> _WORK TO BE COMPLETED_
Write out the lines below once more, exactly as they appear. Do not include pictures.

> _SOURCE MATERIAL_

————

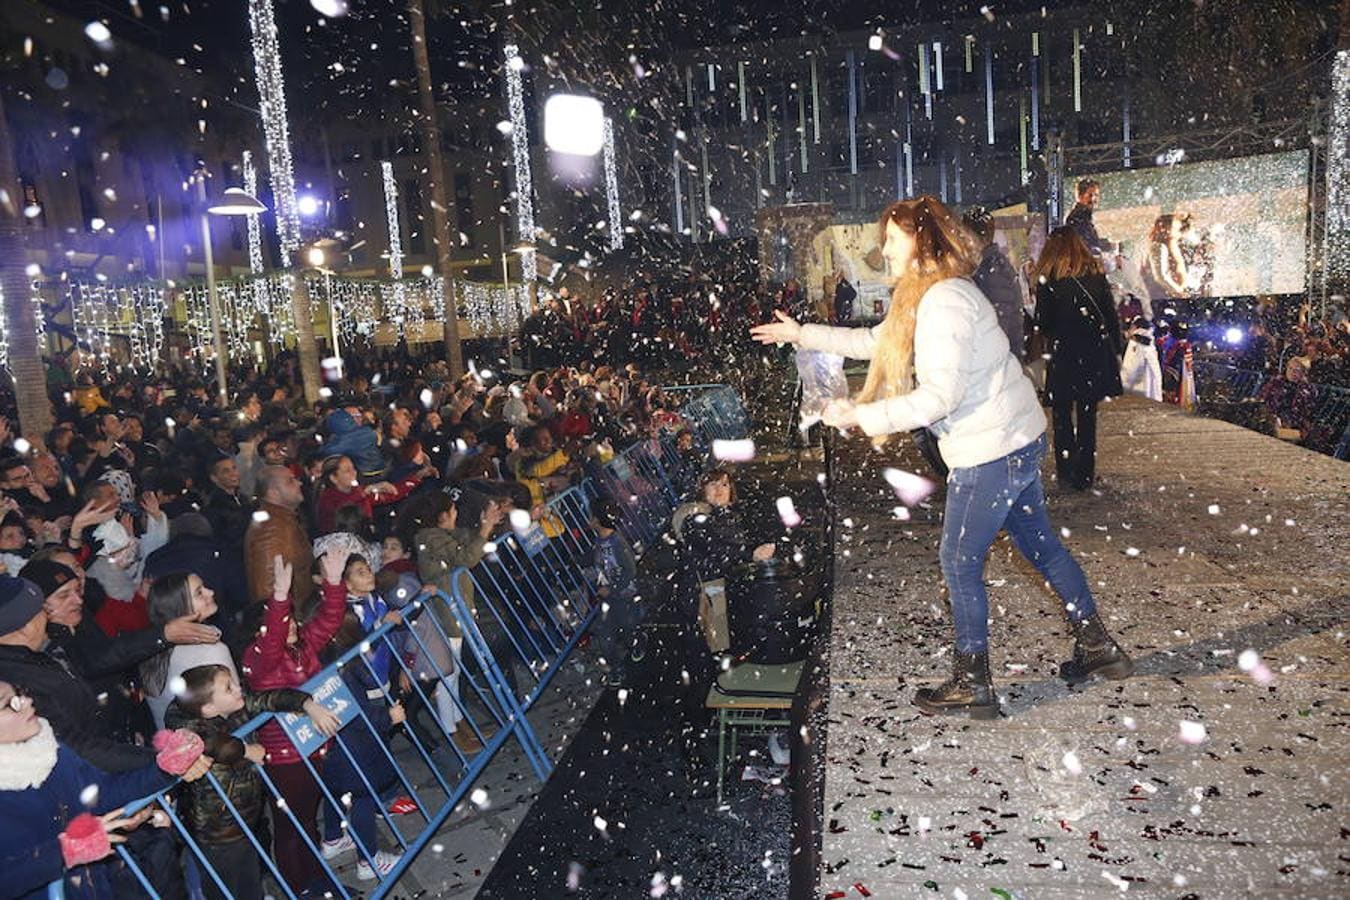 Miles de personas asistieron en la tarde noche de hoy a la Cabalgata de Reyes que desde las siete de la tarde y hasta pasadas las nueve de la noche recorrió el centro de El Ejido. Más de mil personas pusieron el color, la alegría, la magia y la música para que el numeroso público disfrutara.
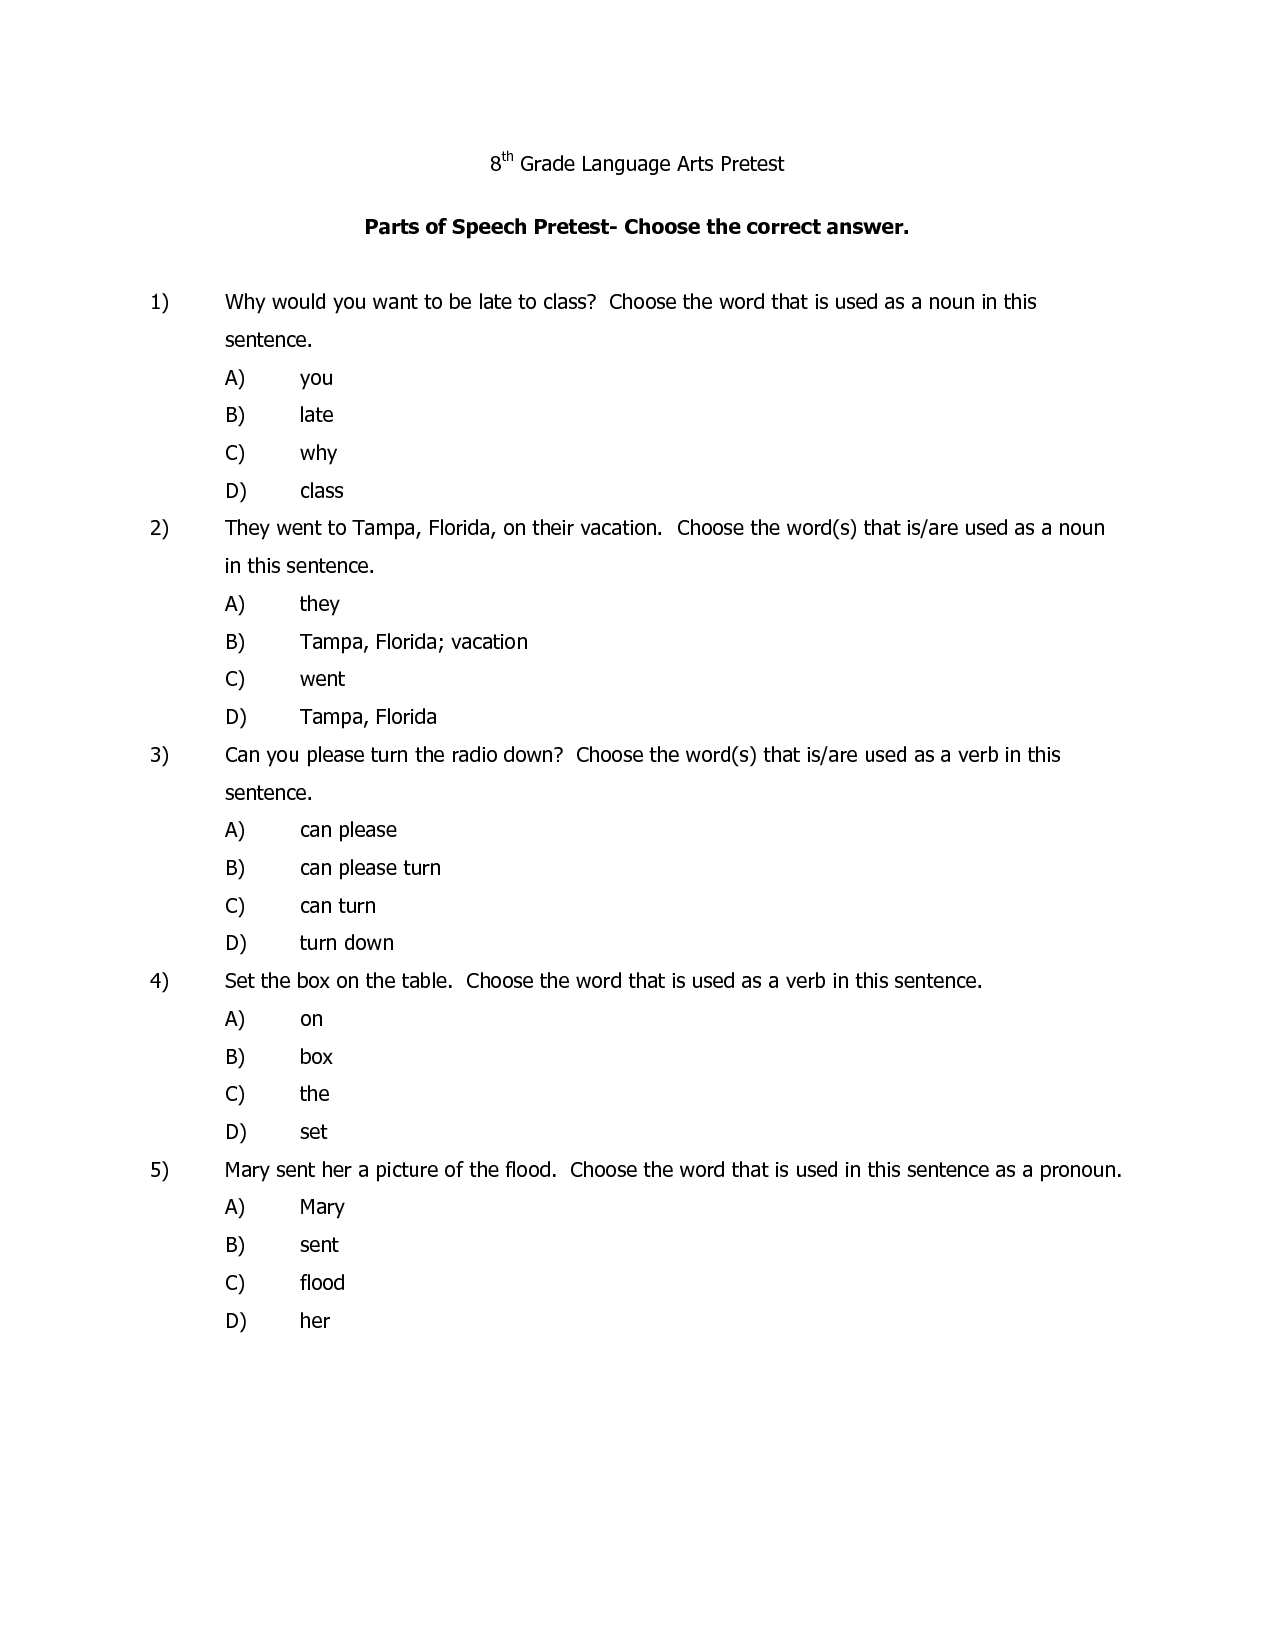 17-best-images-of-grammar-worksheets-8th-8th-grade-grammar-worksheets
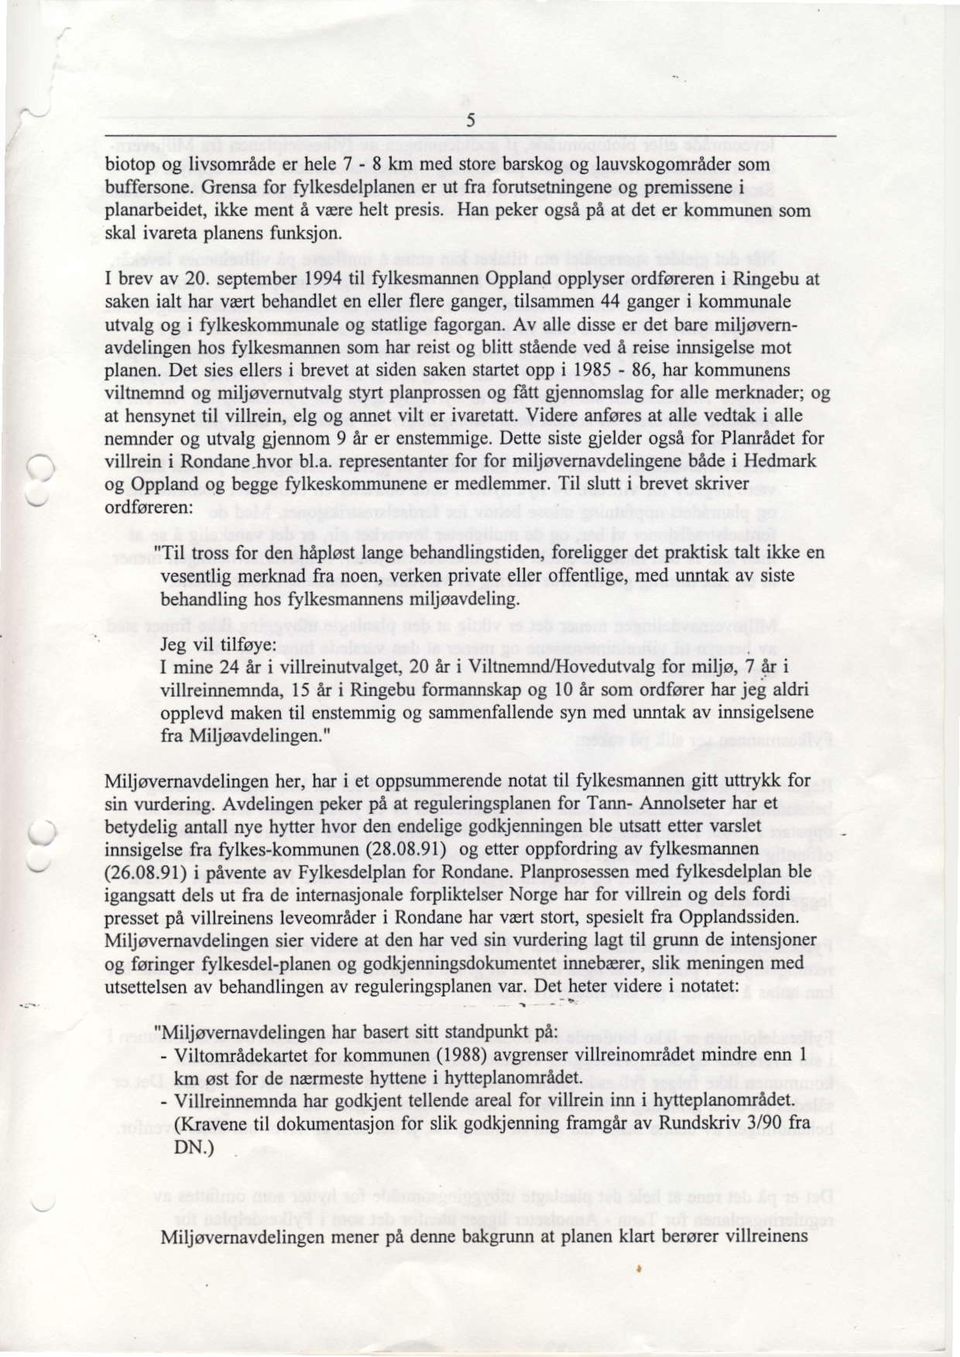 september 1994 til rylkesmamen Oppland opplyser ordforeren i Ringebu at saken ialt har v@rt behandlet en eller flere ganger, tilsammen 44 ganger i kommunale utvalg og i Slkeskommunale og srallige

————

> _OUTPUT BELOW_
 Miles de personas asistieron en la tarde noche de hoy a la Cabalgata de Reyes que desde las siete de la tarde y hasta pasadas las nueve de la noche recorrió el centro de El Ejido. Más de mil personas pusieron el color, la alegría, la magia y la música para que el numeroso público disfrutara.
 17-best-images-of-grammar-worksheets-8th-8th-grade-grammar-worksheets
 september 1994 til rylkesmamen Oppland opplyser ordforeren i Ringebu at saken ialt har v@rt behandlet en eller flere ganger, tilsammen 44 ganger i kommunale utvalg og i Slkeskommunale og srallige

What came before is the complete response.